- **What to work on**: Could you restate word for word the lines running from the one with "heart balloon.jpg" to the end of the data, both ends included, but without pictures?

- **Dataset section**:
■ ■ ■
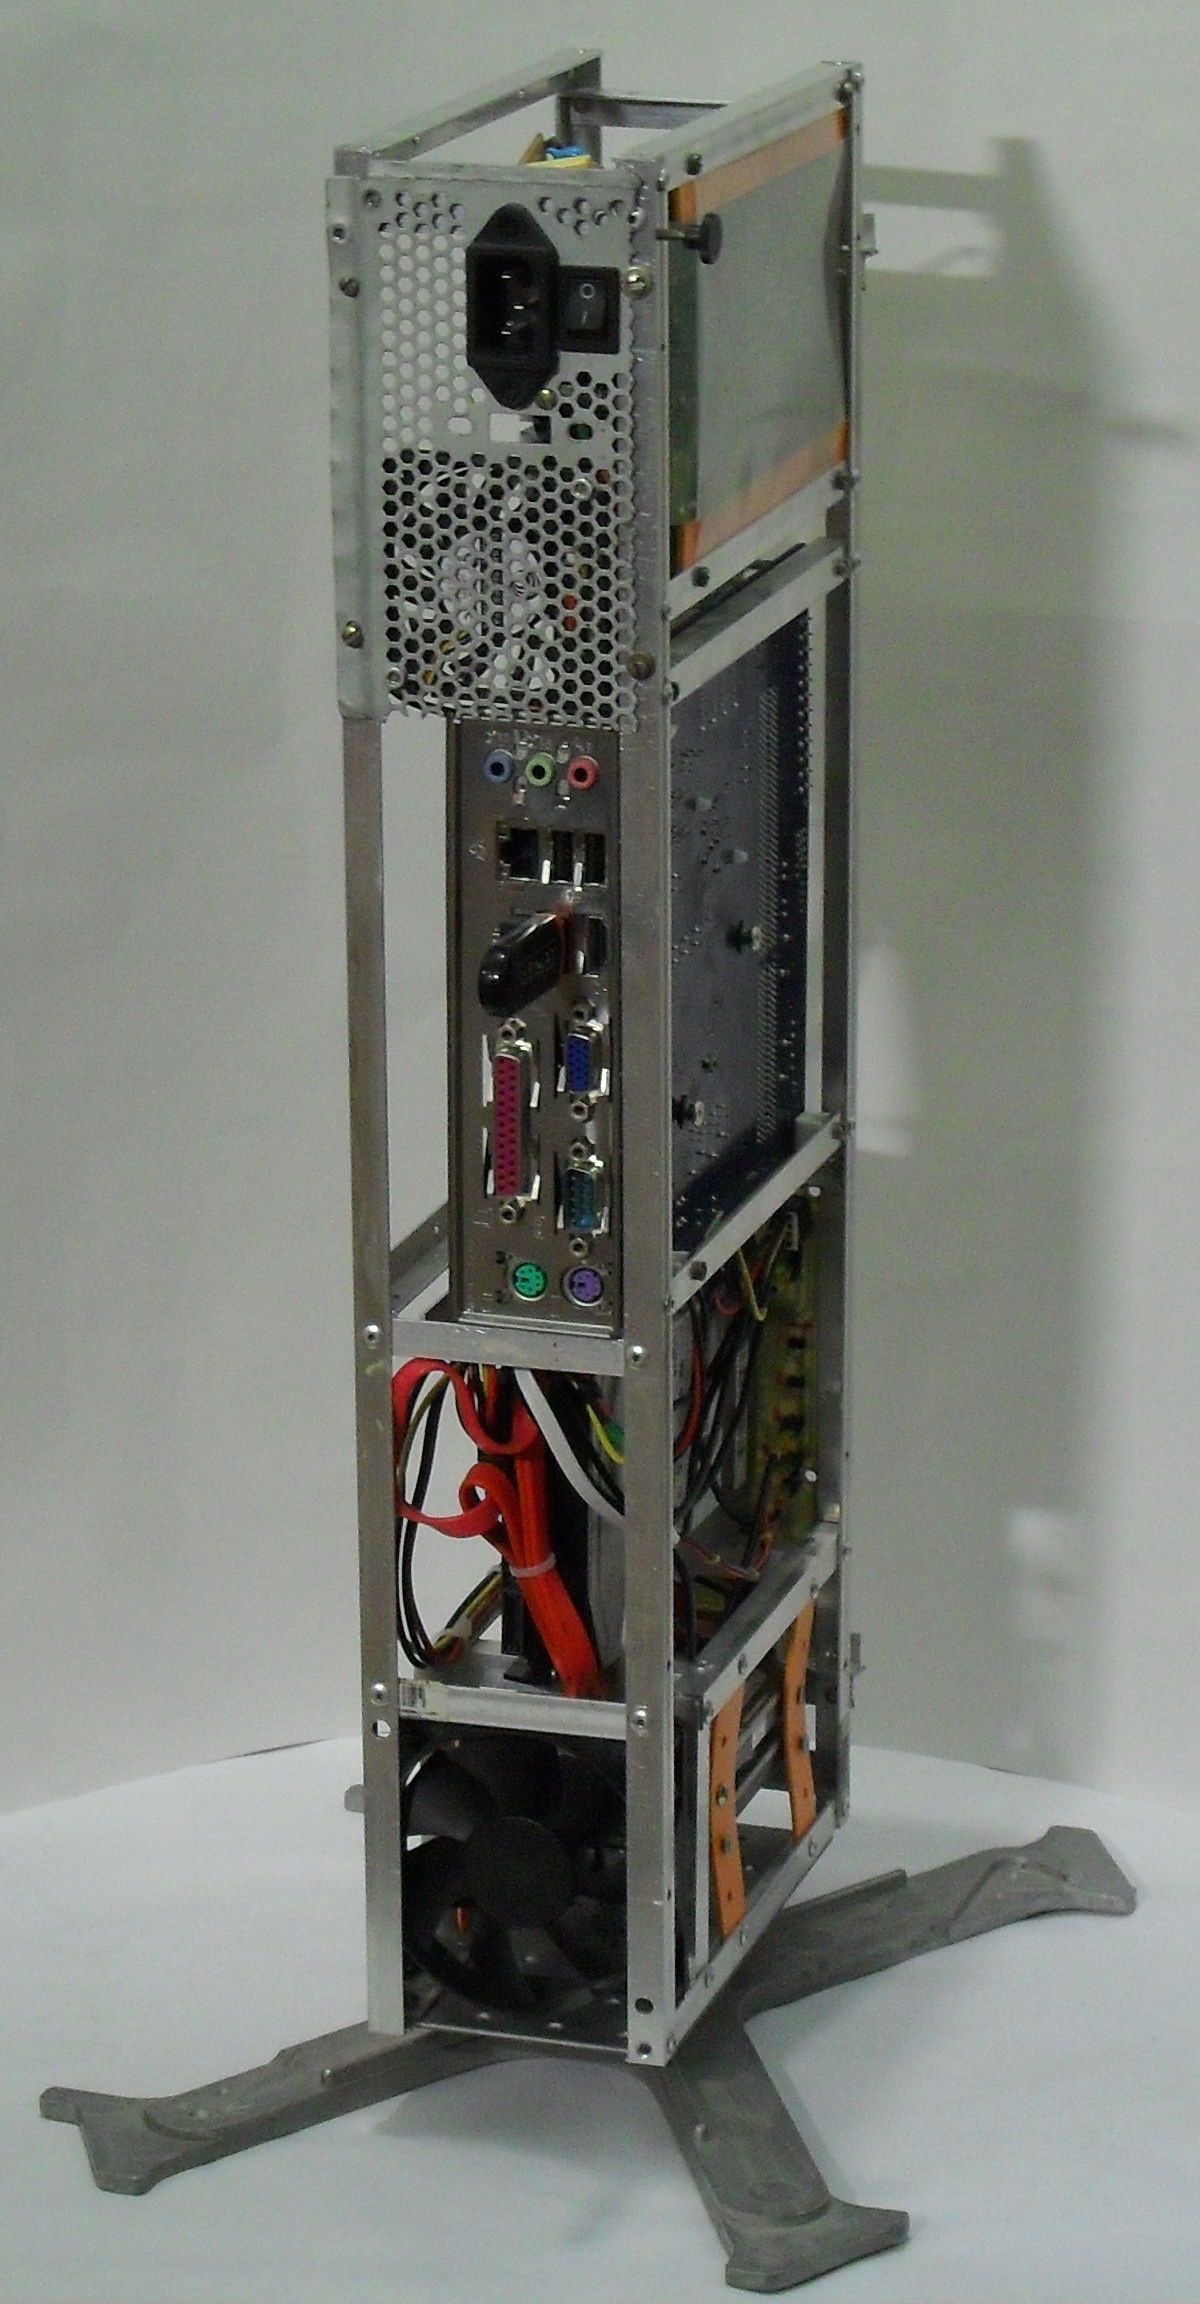 Еще один сервер из подручных средств с претензией на красоту - 39
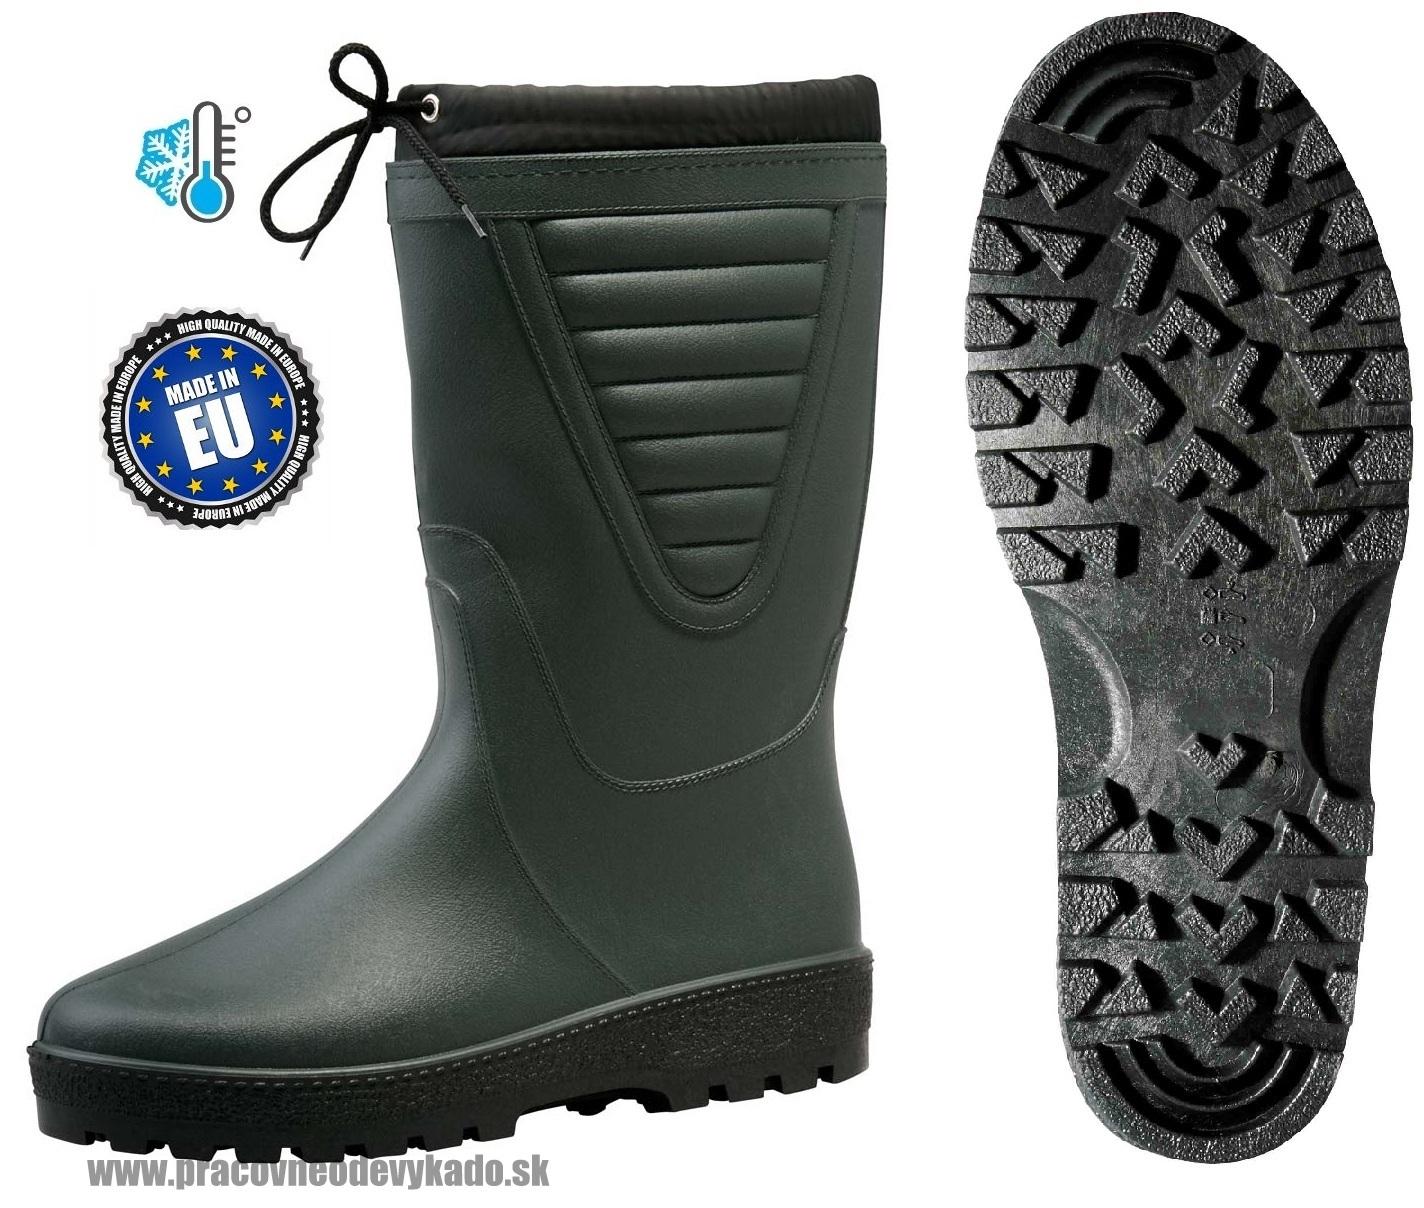 Pracovná obuv - Zateplené pracovné Čižmy POLAR 46f8fa0c266
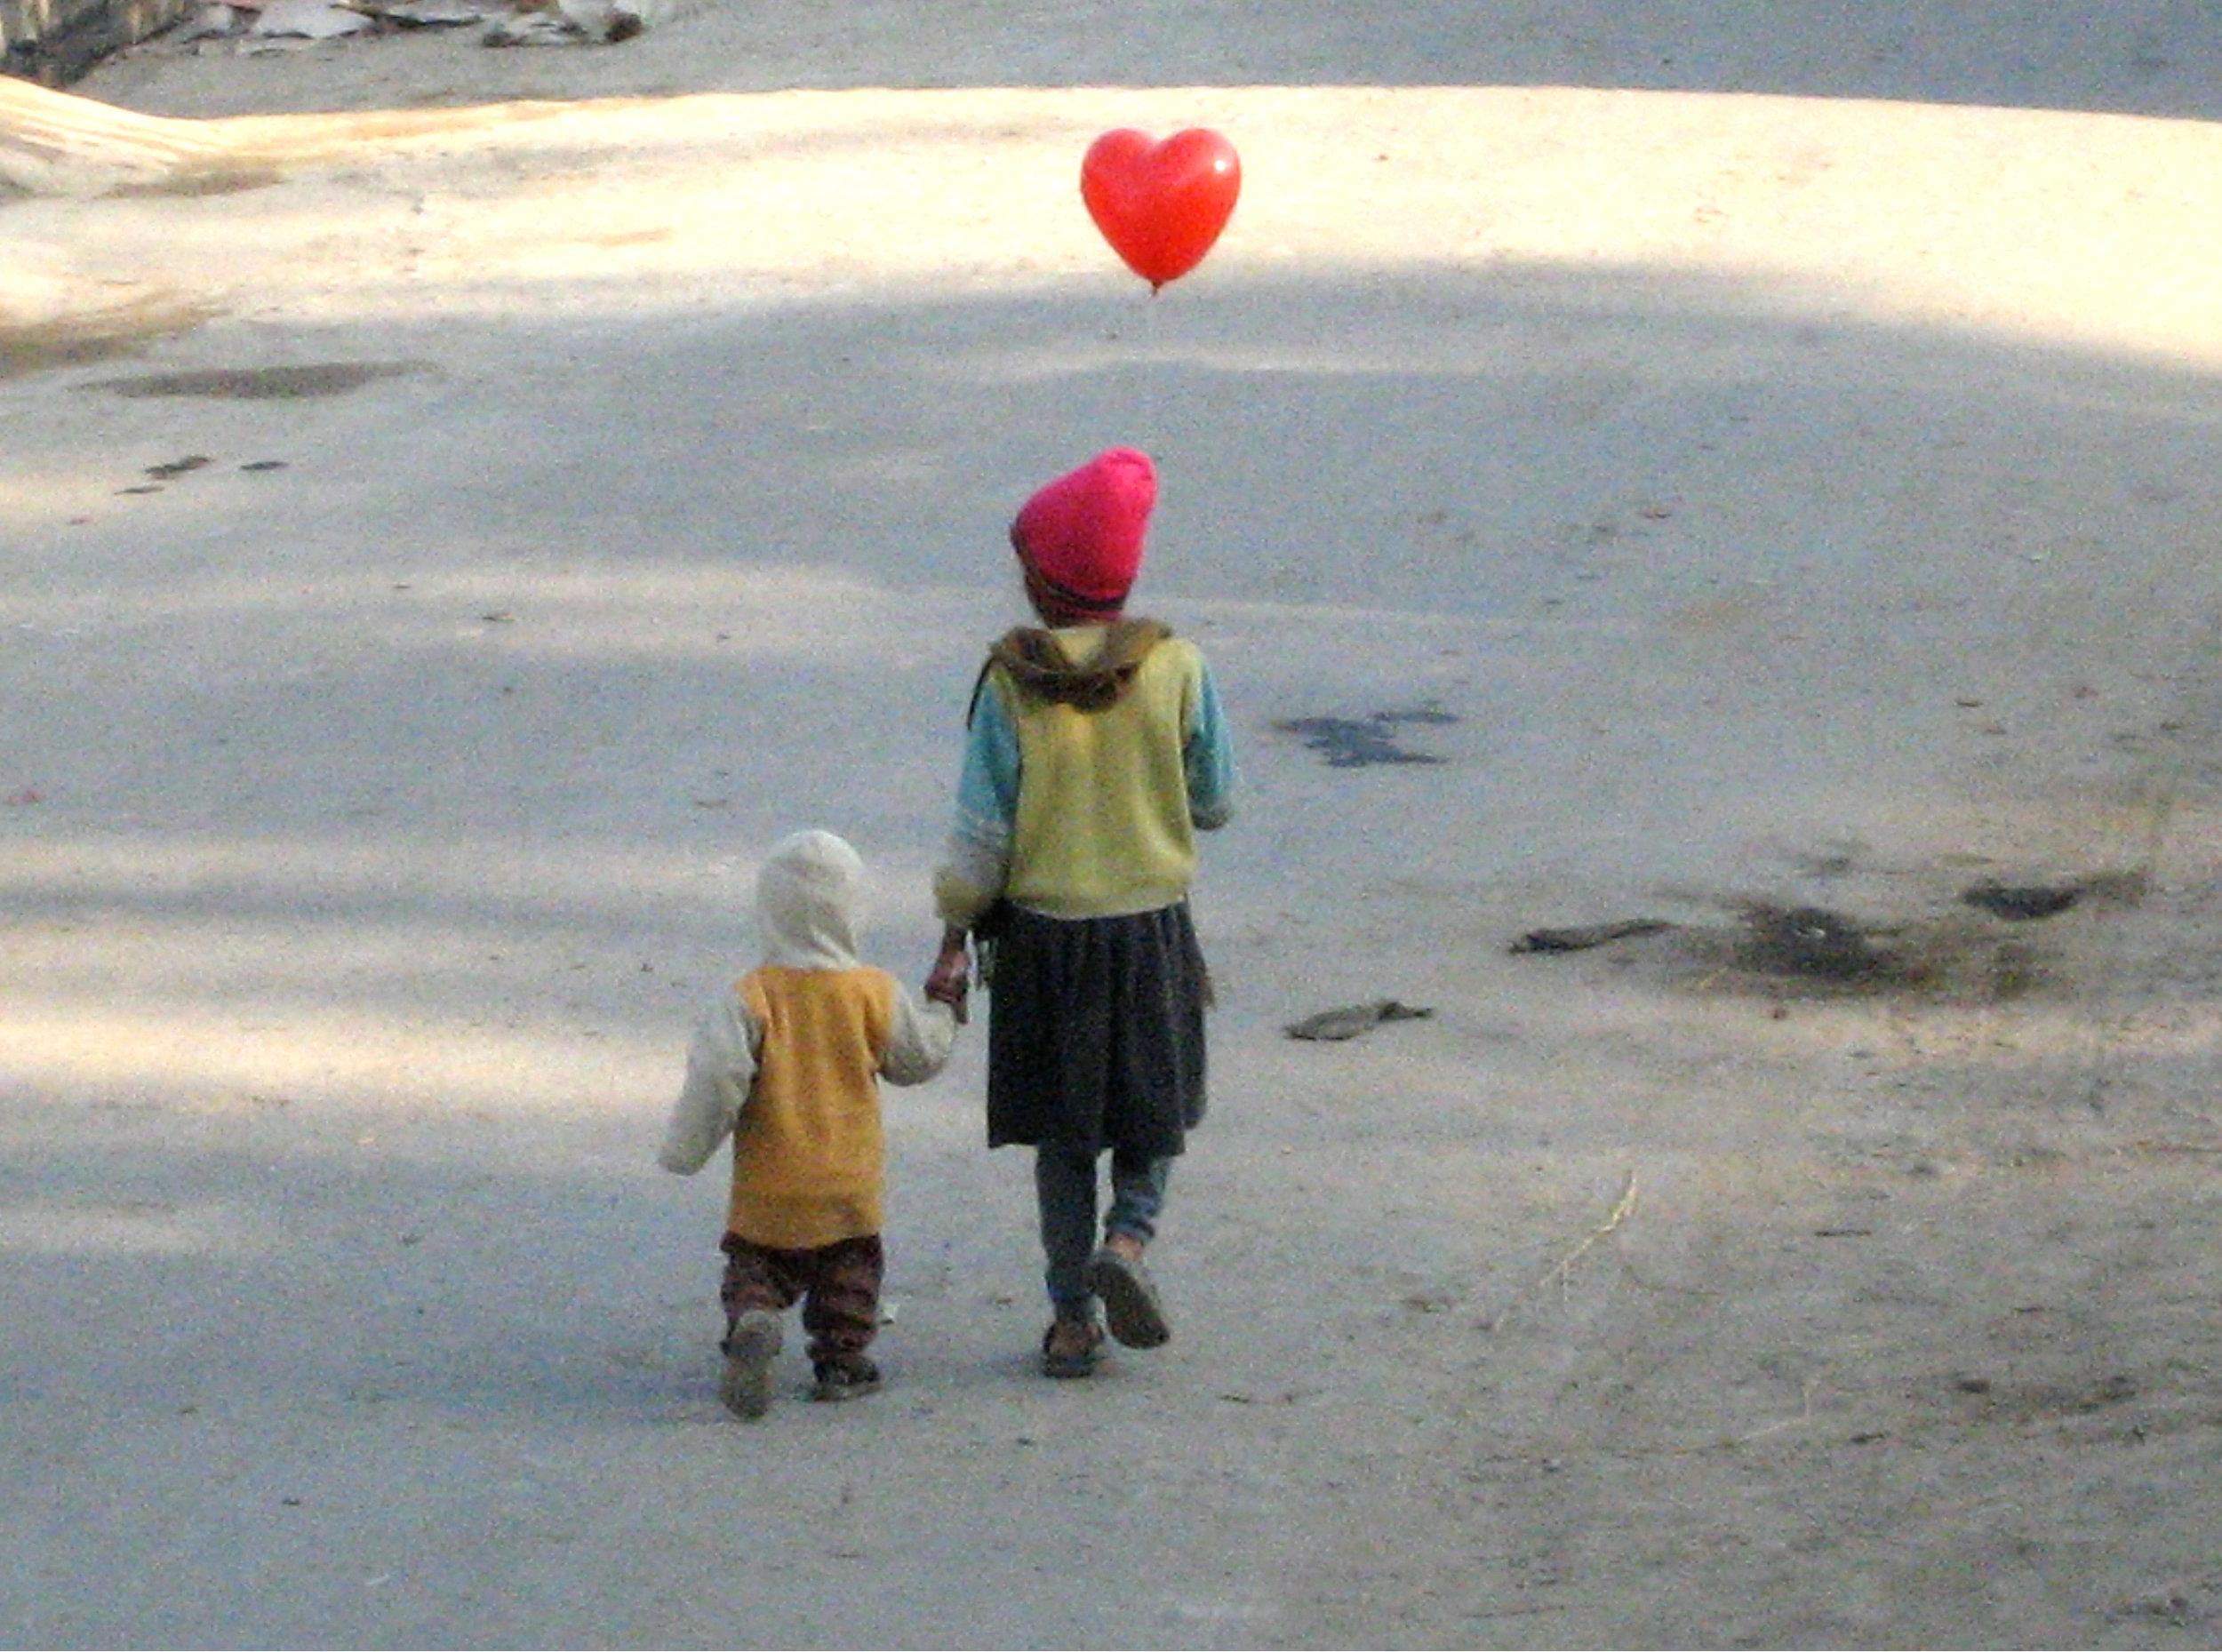 heart balloon.jpg
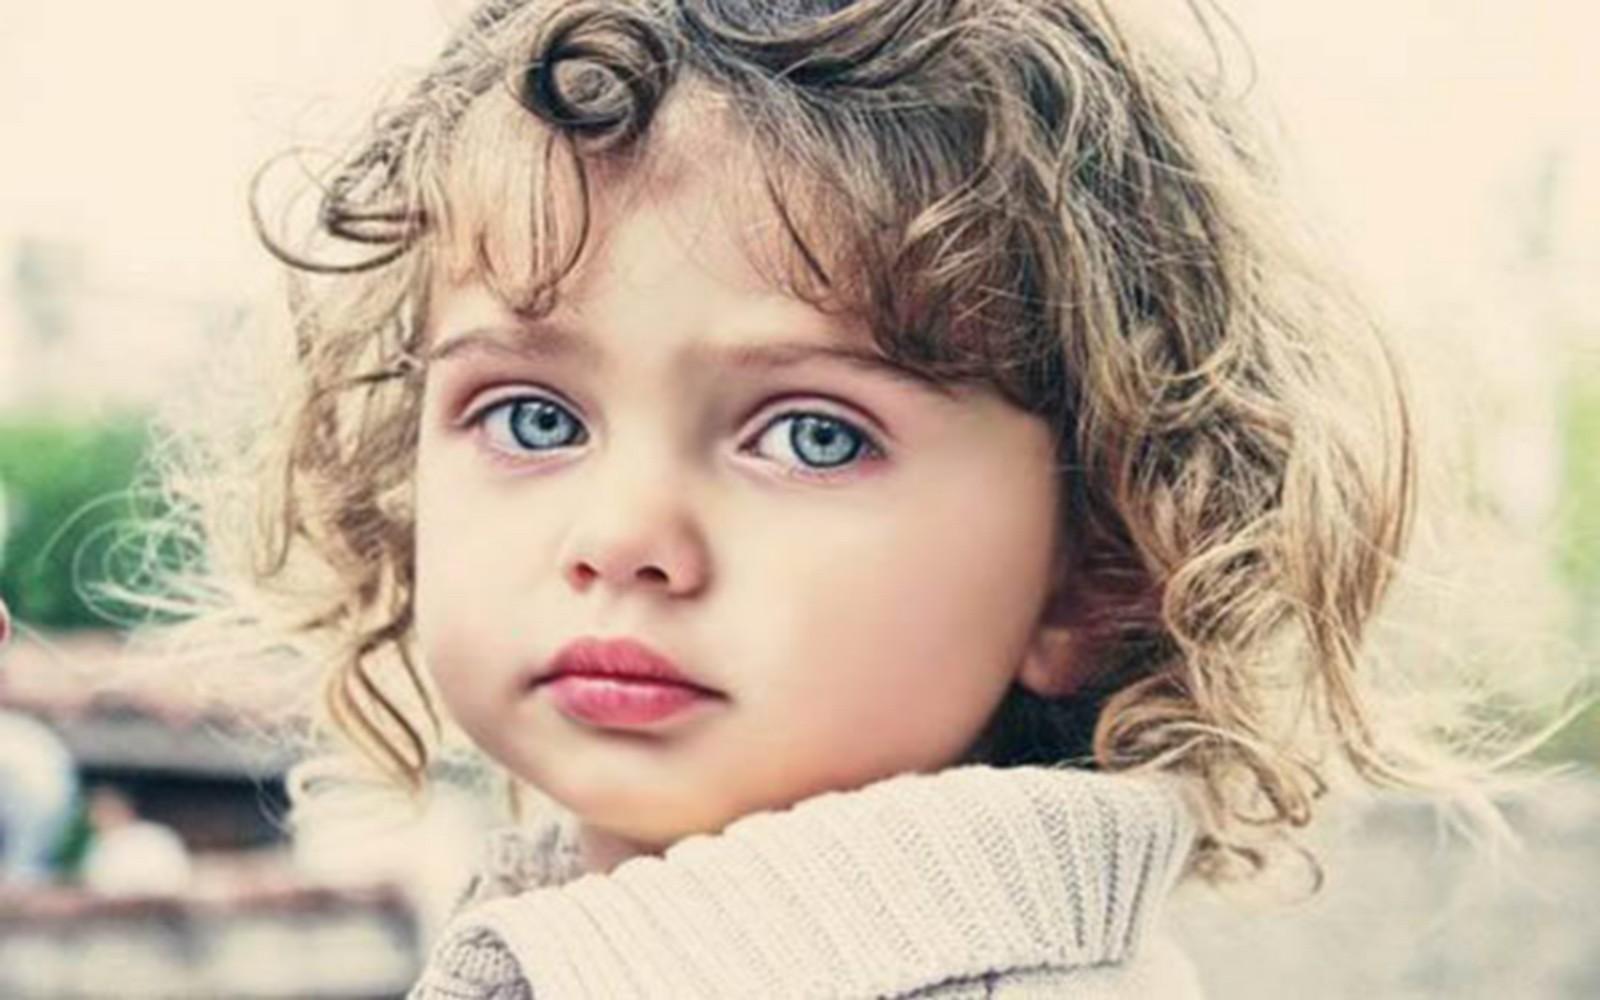 بالصور اجمل صور اطفال بنات , الطف صور اطفال بنات 5297 2
■ ■ ■
- **Expected output**:
 heart balloon.jpg
 بالصور اجمل صور اطفال بنات , الطف صور اطفال بنات 5297 2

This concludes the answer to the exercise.